Your objective:
The answer should be the lines from the one with "Brutalist Bronze Push" through the final line of the entries, restated word for word.

BEGIN Task material

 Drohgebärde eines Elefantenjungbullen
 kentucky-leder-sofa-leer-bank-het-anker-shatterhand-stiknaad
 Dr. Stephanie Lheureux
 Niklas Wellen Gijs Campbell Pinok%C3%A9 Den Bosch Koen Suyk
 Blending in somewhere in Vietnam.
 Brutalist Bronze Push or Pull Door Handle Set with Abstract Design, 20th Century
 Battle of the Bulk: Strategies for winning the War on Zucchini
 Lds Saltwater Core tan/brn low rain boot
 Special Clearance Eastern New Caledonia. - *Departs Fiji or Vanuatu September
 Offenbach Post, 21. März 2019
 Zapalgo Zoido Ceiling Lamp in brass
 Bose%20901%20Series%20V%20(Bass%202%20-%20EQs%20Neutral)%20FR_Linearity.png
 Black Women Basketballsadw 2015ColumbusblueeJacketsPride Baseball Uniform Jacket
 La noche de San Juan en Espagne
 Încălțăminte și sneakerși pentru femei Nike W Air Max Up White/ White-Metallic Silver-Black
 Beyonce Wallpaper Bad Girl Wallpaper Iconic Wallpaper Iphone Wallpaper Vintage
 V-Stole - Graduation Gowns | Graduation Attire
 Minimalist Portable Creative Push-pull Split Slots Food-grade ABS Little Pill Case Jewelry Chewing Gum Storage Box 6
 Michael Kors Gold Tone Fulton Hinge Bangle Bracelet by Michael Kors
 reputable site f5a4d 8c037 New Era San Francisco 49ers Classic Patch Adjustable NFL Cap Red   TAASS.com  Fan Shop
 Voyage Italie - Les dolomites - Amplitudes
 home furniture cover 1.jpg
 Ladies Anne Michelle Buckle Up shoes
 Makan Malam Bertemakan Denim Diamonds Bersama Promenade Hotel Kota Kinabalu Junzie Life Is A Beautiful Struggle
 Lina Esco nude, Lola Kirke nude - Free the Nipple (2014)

END Task material

Reply to the task:
 Brutalist Bronze Push or Pull Door Handle Set with Abstract Design, 20th Century
 Battle of the Bulk: Strategies for winning the War on Zucchini
 Lds Saltwater Core tan/brn low rain boot
 Special Clearance Eastern New Caledonia. - *Departs Fiji or Vanuatu September
 Offenbach Post, 21. März 2019
 Zapalgo Zoido Ceiling Lamp in brass
 Bose%20901%20Series%20V%20(Bass%202%20-%20EQs%20Neutral)%20FR_Linearity.png
 Black Women Basketballsadw 2015ColumbusblueeJacketsPride Baseball Uniform Jacket
 La noche de San Juan en Espagne
 Încălțăminte și sneakerși pentru femei Nike W Air Max Up White/ White-Metallic Silver-Black
 Beyonce Wallpaper Bad Girl Wallpaper Iconic Wallpaper Iphone Wallpaper Vintage
 V-Stole - Graduation Gowns | Graduation Attire
 Minimalist Portable Creative Push-pull Split Slots Food-grade ABS Little Pill Case Jewelry Chewing Gum Storage Box 6
 Michael Kors Gold Tone Fulton Hinge Bangle Bracelet by Michael Kors
 reputable site f5a4d 8c037 New Era San Francisco 49ers Classic Patch Adjustable NFL Cap Red   TAASS.com  Fan Shop
 Voyage Italie - Les dolomites - Amplitudes
 home furniture cover 1.jpg
 Ladies Anne Michelle Buckle Up shoes
 Makan Malam Bertemakan Denim Diamonds Bersama Promenade Hotel Kota Kinabalu Junzie Life Is A Beautiful Struggle
 Lina Esco nude, Lola Kirke nude - Free the Nipple (2014)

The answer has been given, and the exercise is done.